Total revenue for the quarter was $19.3 billion, a 9% decrease year-over-year. Automotive revenue declined 20% to $13.97 billion, attributed to a combination of lower vehicle deliveries and pricing adjustments. Deliveries totaled 336,681 vehicles during the quarter, down 13% compared to Q1 2024. The decline was partially due to a coordinated global production line update for the Model Y across four factories.
Despite the near-term challenges, Tesla highlighted strong growth in its Energy business, which saw a 67% increase in revenue year-over-year. The company deployed 10.4 GWh of energy storage, up 154% from the prior year. Tesla also reported its fourth consecutive record for Powerwall installations, surpassing 1 GWh in a single quarter.
Cash flow remained positive. Tesla reported $2.2 billion in operating cash flow and $664 million in free cash flow. The company’s total cash and investments grew to $37 billion, reflecting its continued emphasis on maintaining liquidity amid an uncertain macroeconomic and trade environment.
Tesla emphasized its continued investment in artificial intelligence and autonomy. It launched supervised Full Self-Driving (FSD) in China and announced that production vehicles including the Model 3, Model Y, and Cybertruck can now autonomously drive from factory lines to outbound lots.

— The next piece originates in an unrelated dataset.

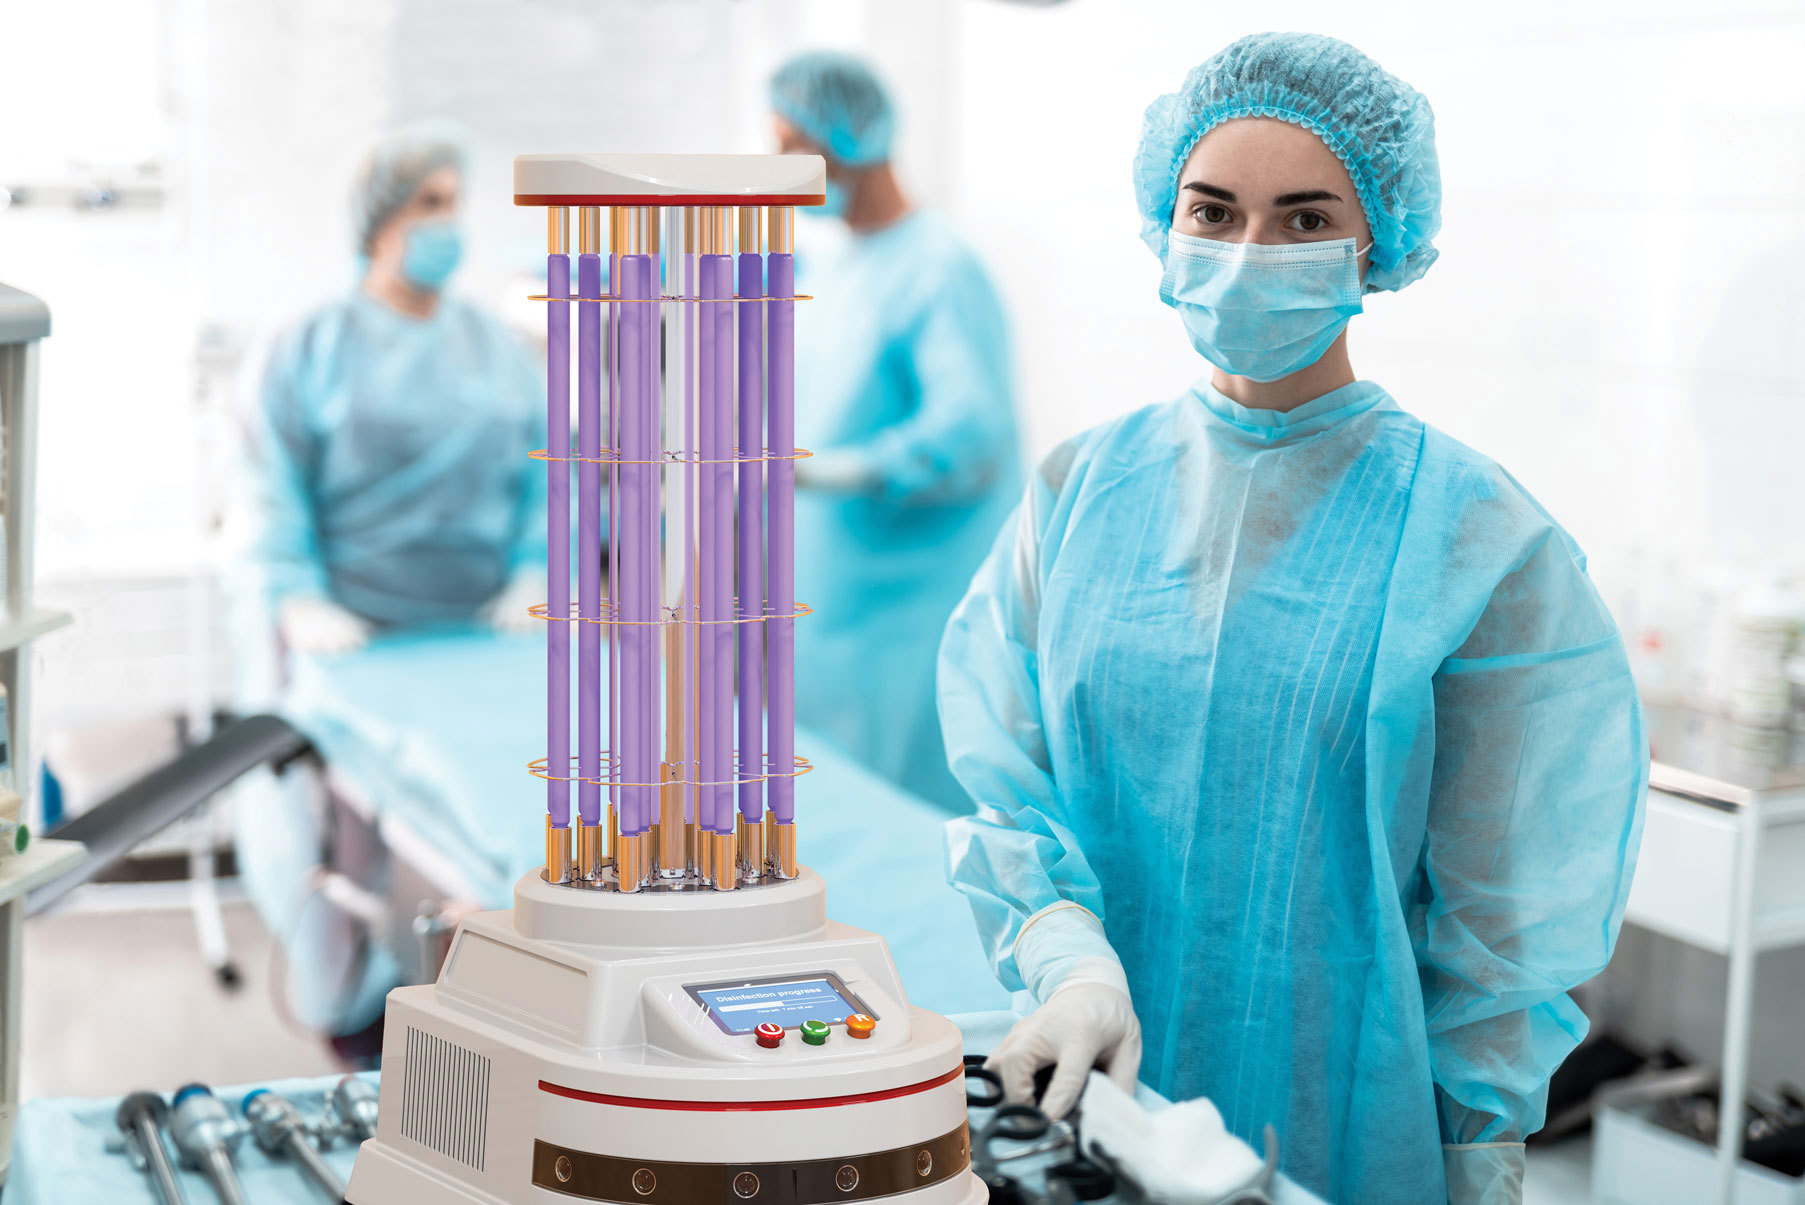 UV 레이저는 형광 현미경 기반의 바이오메디컬 시스템 등 각종 응용 분야에 안성맞춤

A pilot launch of its purpose-built Robotaxi is scheduled to begin in Austin by June, with volume production planned for 2026.
The company also confirmed that more affordable vehicles — combining elements of current and next-generation platforms — are still scheduled to enter production in the first half of 2025. These vehicles will be built using Tesla’s existing manufacturing lines to reduce capital expenditures during uncertain economic conditions.
While Tesla warned that evolving trade policies and political factors could continue to impact demand and cost structure, it reiterated its commitment to expanding its product lineup and investing in AI-driven software and robotics platforms.